Riazuddin

Personal information
- Born: 15 December 1958 Karachi, Pakistan
- Died: 11 June 2019 (aged 60) Karachi, Pakistan
- Role: Umpire

Umpiring information
- Tests umpired: 12 (1990–2002)
- ODIs umpired: 12 (1990–2000)
- WTests umpired: 1 (2004)
- WODIs umpired: 7 (2001–2006)
- WT20Is umpired: 2 (2015)
- Source: Cricinfo, 12 June 2019

= Riazuddin (umpire) =

Pakistani cricket umpire (1958–2019)

Riazuddin (15 December 1958 - 11 June 2019) was a Pakistani cricket umpire.

==Career==
In an international umpiring career spanning 12 years, he officiated in 12 Test matches between 1990 and 2002 and 12 One Day Internationals between 1990 and 2000. He was one of the on-field umpires in the final of the 2010–11 Quaid-e-Azam Trophy.

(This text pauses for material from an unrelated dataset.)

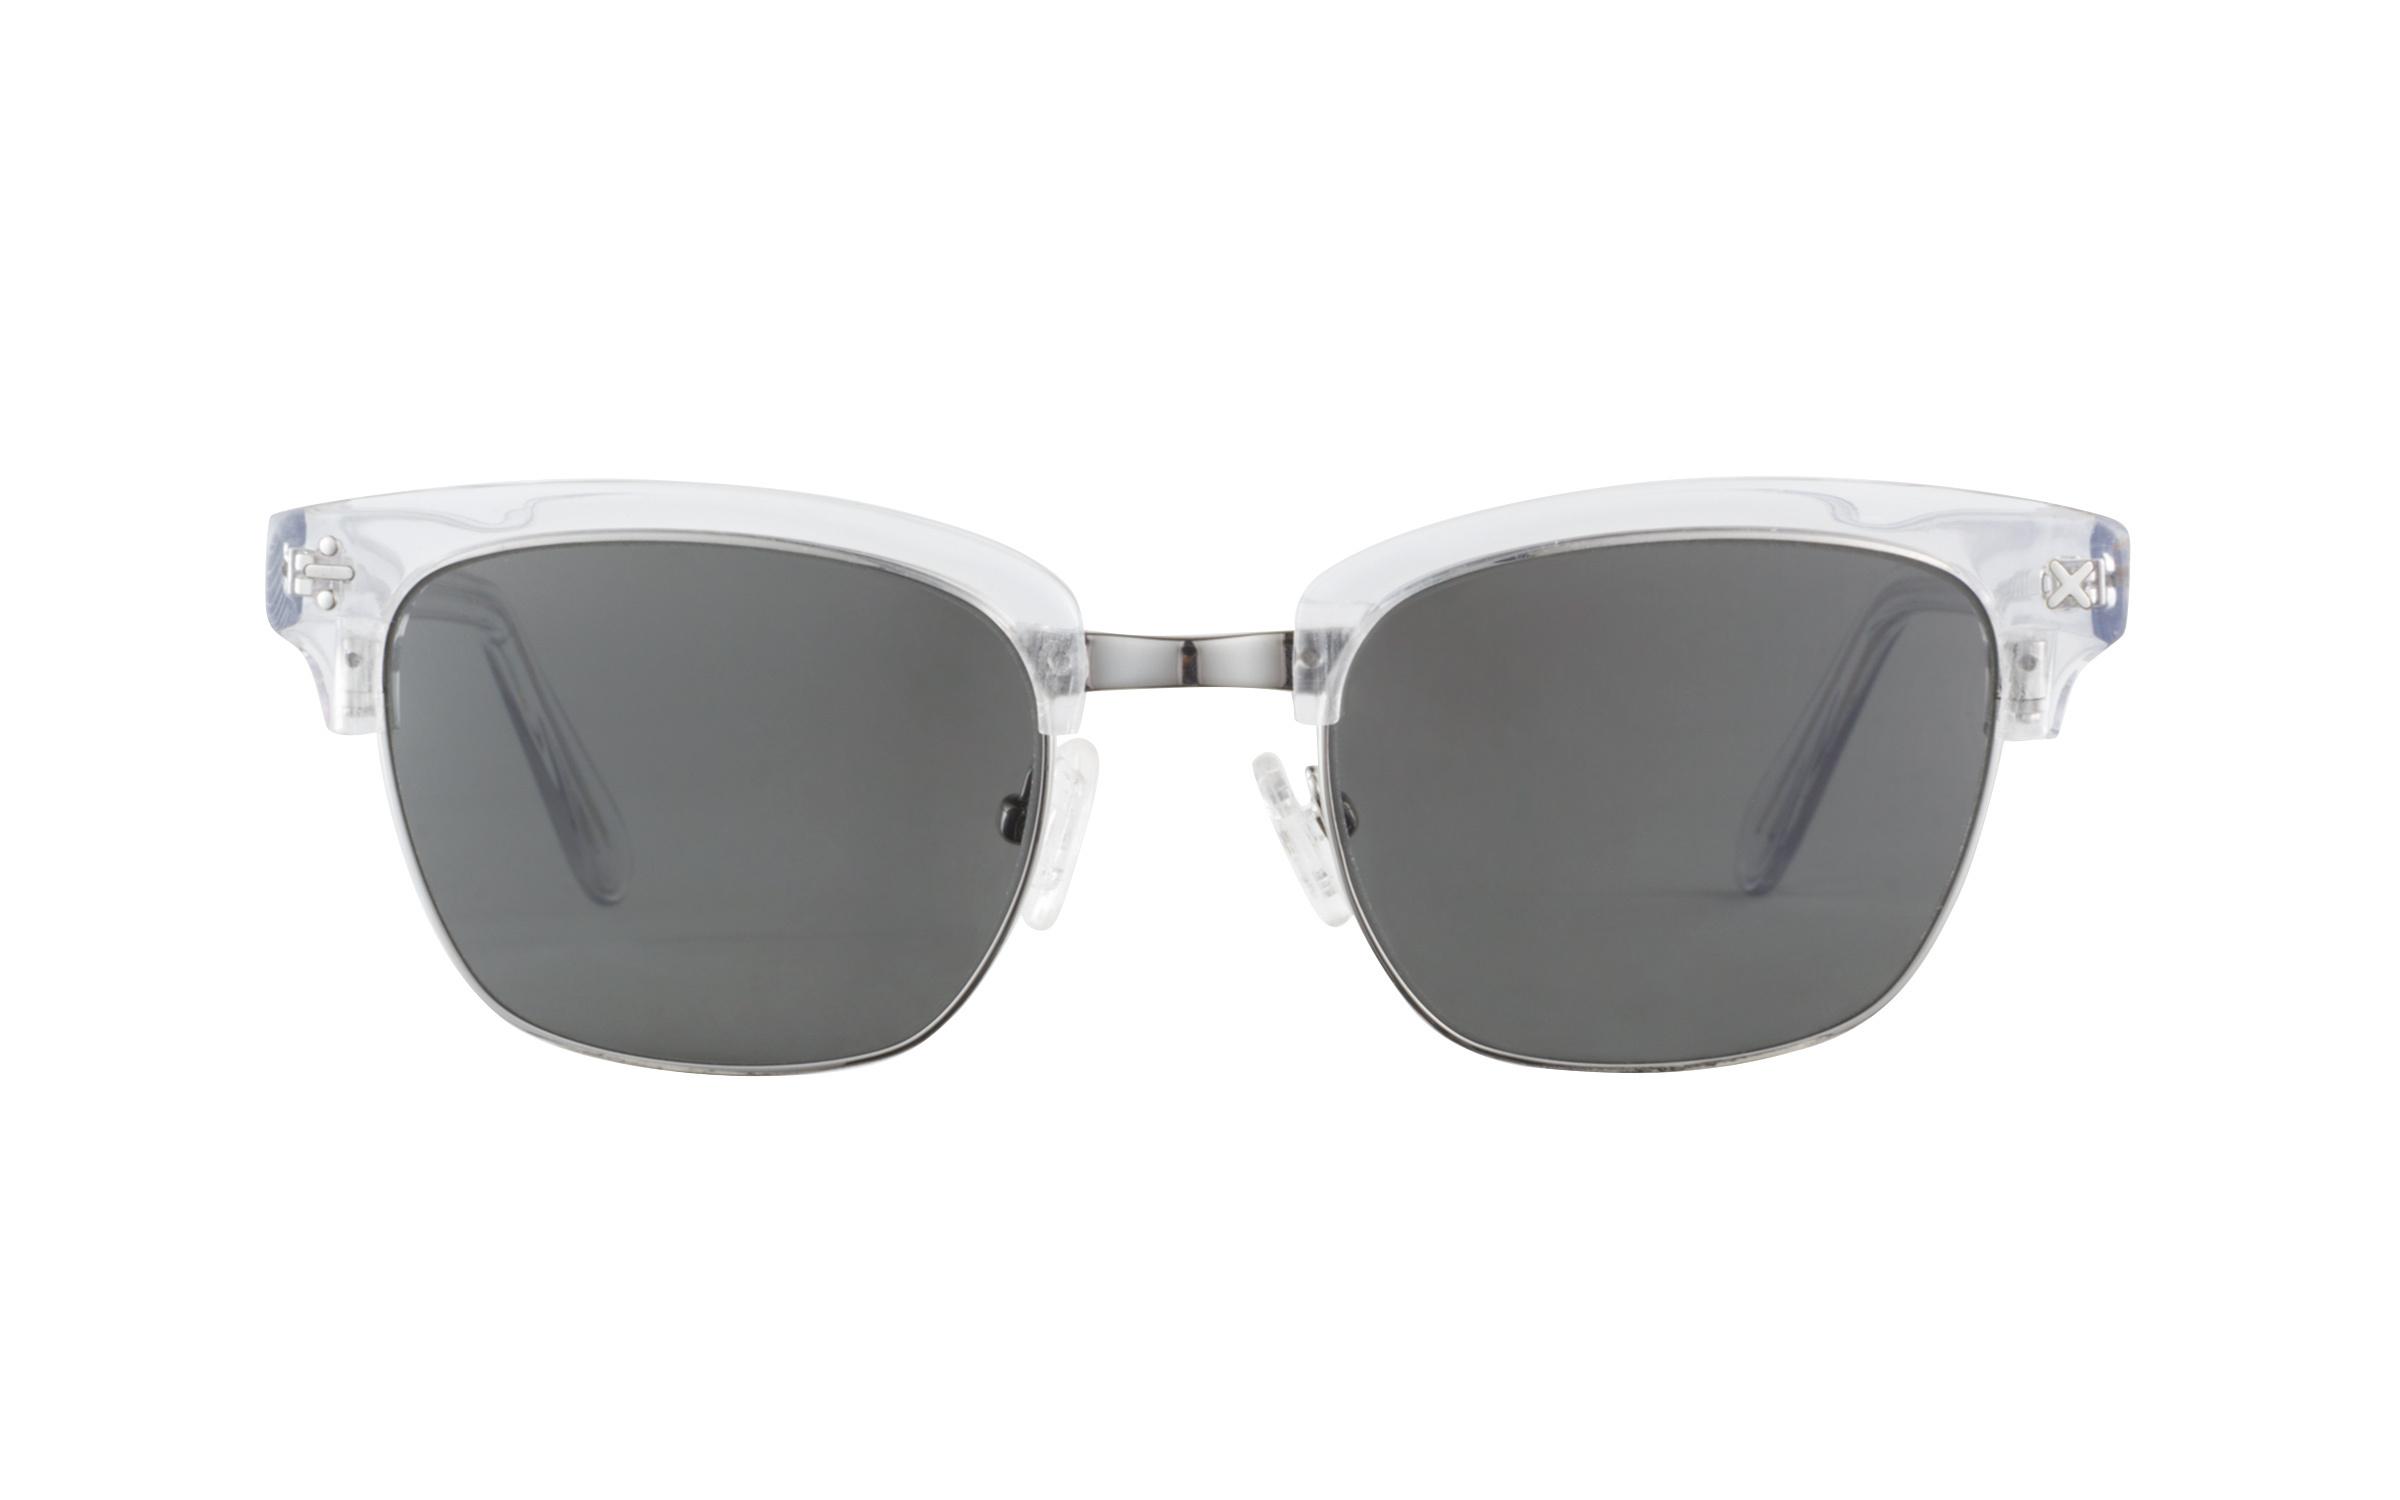 Geek_Sunglasses_Clear_Derek_Cardigan_Online_Coastal

Riazuddin officiated in 310 first-class matches, a Pakistan record. He also stood in women's cricket, the 2017–18 Bangladesh Premier League, five Quaid-e-Azam Trophy finals, and two Patron's Trophy finals.

In addition to umpiring, Riazuddin played club cricket as a right-handed batsman and off-break bowler, was CEO of Al-Imran Cricket Club in Karachi, and retired from the Pakistan National Shipping Corporation shortly before his death.